The allowlist uses a frozen set lookup, defaulting to KNOWN_TEST_VALUES (common test card numbers, example SSNs like 123-45-6789). This prevents DLP tools from flagging their own test data, which is a common complaint in production deployments.
After pattern detection, apply_context_boost in detectors/context.py scans the surrounding text for keywords that indicate the matched value is actually sensitive data:
def apply_context_boost(
text: str,
matches: list[DetectorMatch],
window_tokens: int = DEFAULT_CONTEXT_WINDOW_TOKENS,
) -> list[DetectorMatch]:
tokens = text.lower().split()
boosted: list[DetectorMatch] = []
for match in matches:
if not match.context_keywords:
boosted.append(match)
continue
char_to_token = _char_offset_to_token_index(
text, match.start
)
window_start = max(
0, char_to_token - window_tokens
)
window_end = min(
len(tokens), char_to_token + window_tokens
)
window_text = " ".join(
tokens[window_start:window_end]
)
boost = _compute_keyword_boost(
window_text,
match.context_keywords,
window_tokens,
)
new_score = min(1.0, match.score + boost)
...The window is bidirectional: 10 tokens in each direction from the match. The boost is distance-weighted: a keyword right next to the match contributes up to CONTEXT_BOOST_MAX (0.35), while one at the edge of the window contributes almost nothing. This reflects a real observation: "SSN: 456-78-9012" is almost certainly an SSN, while "SSN" appearing 50 words away from "456-78-9012" is weaker signal.

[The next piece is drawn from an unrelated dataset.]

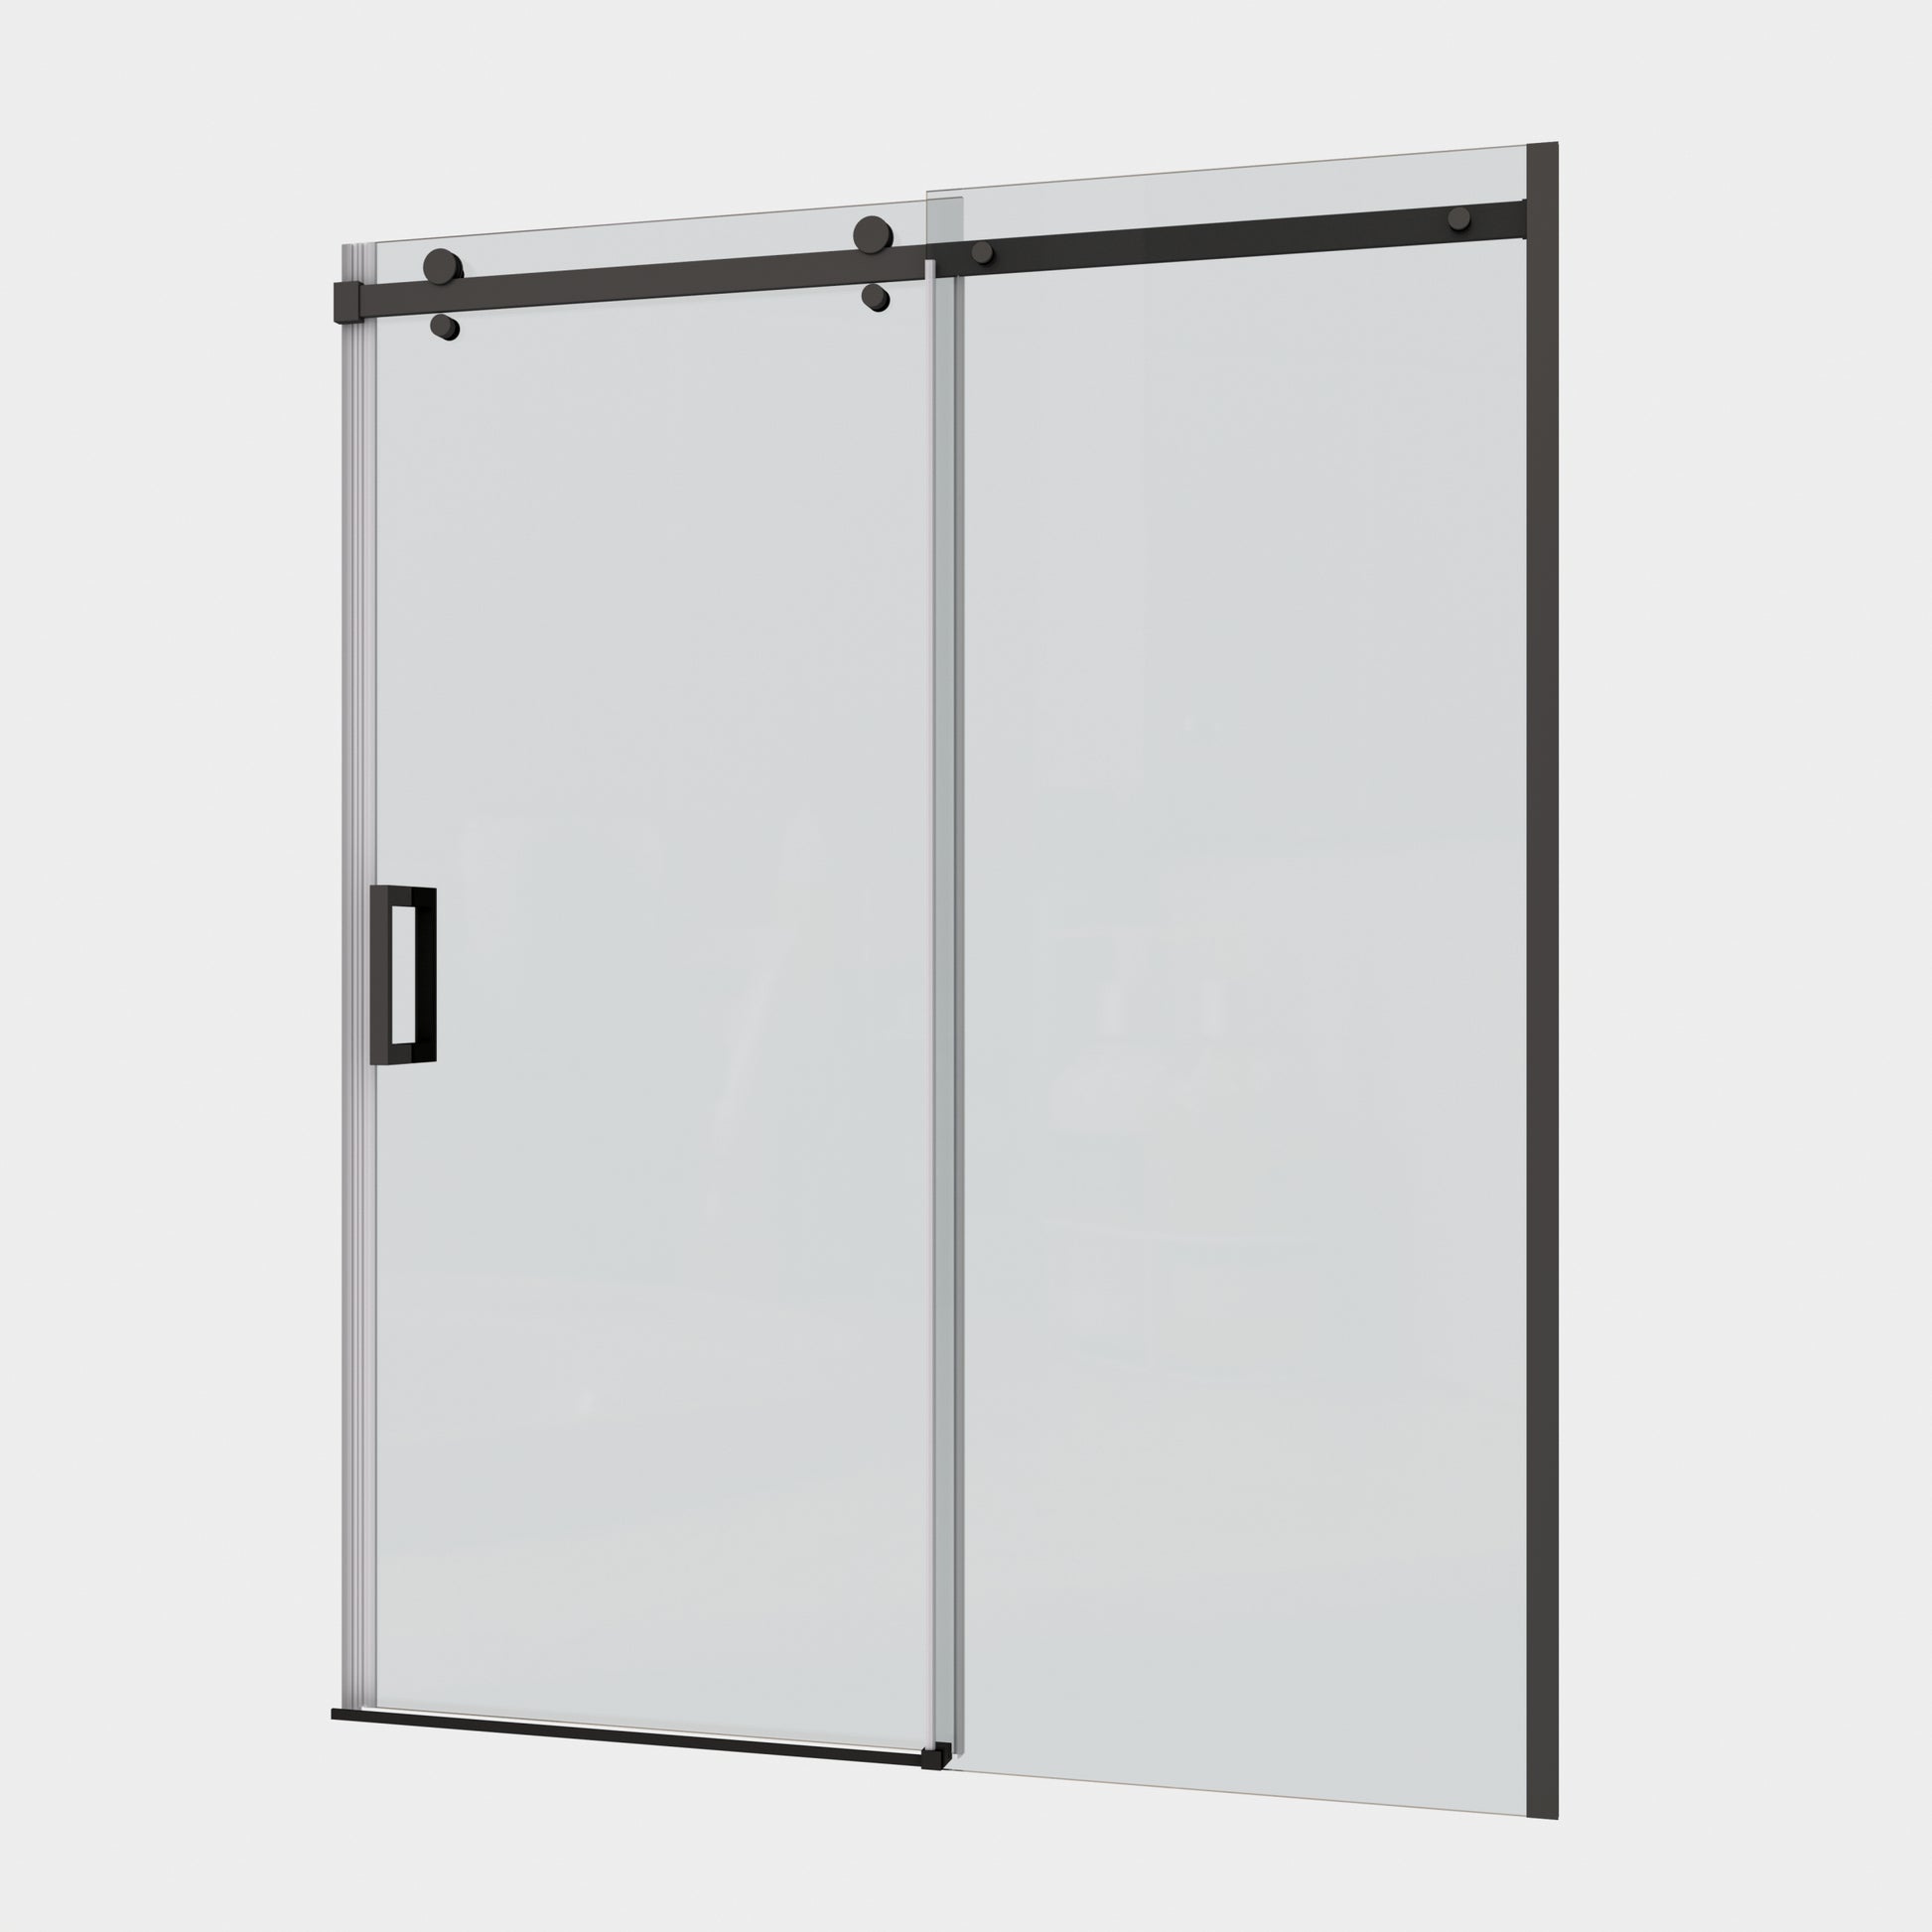 Glass Shower Door, Sliding Door, With 5 16"

The _compute_keyword_boost function finds the best keyword match in the window and computes CONTEXT_BOOST_MAX * proximity_factor, where proximity is 1.0 - (distance / max_distance). Only the highest-scoring keyword matters, not the sum of all keywords. This prevents keyword stuffing from inflating scores.
After context boosting, _apply_cooccurrence_boost checks whether multiple different PII types appear near each other:
def _apply_cooccurrence_boost(
matches: list[DetectorMatch],
) -> list[DetectorMatch]:
if len(matches) < 2:
return matches
proximity_threshold = 500
for i, match in enumerate(matches):
has_neighbor = False
for j, other in enumerate(matches):
if i == j:
continue
if other.rule_id == match.rule_id:
continue
distance = abs(match.start - other.start)
if distance < proximity_threshold:
has_neighbor = True
break
if has_neighbor:
new_score = min(
1.0, match.score + COOCCURRENCE_BOOST
)
...An SSN near a credit card number is stronger evidence than either alone. The boost is +0.15 (COOCCURRENCE_BOOST), and it requires different rule_id values (two SSNs next to each other do not trigger it). The 500-character threshold roughly corresponds to a short paragraph or a few database columns.
This heuristic matters in practice. The Capital One breach data contained CSV exports where SSNs, credit card numbers, and addresses appeared in adjacent columns. Co-occurrence detection would have flagged these files as critical priority.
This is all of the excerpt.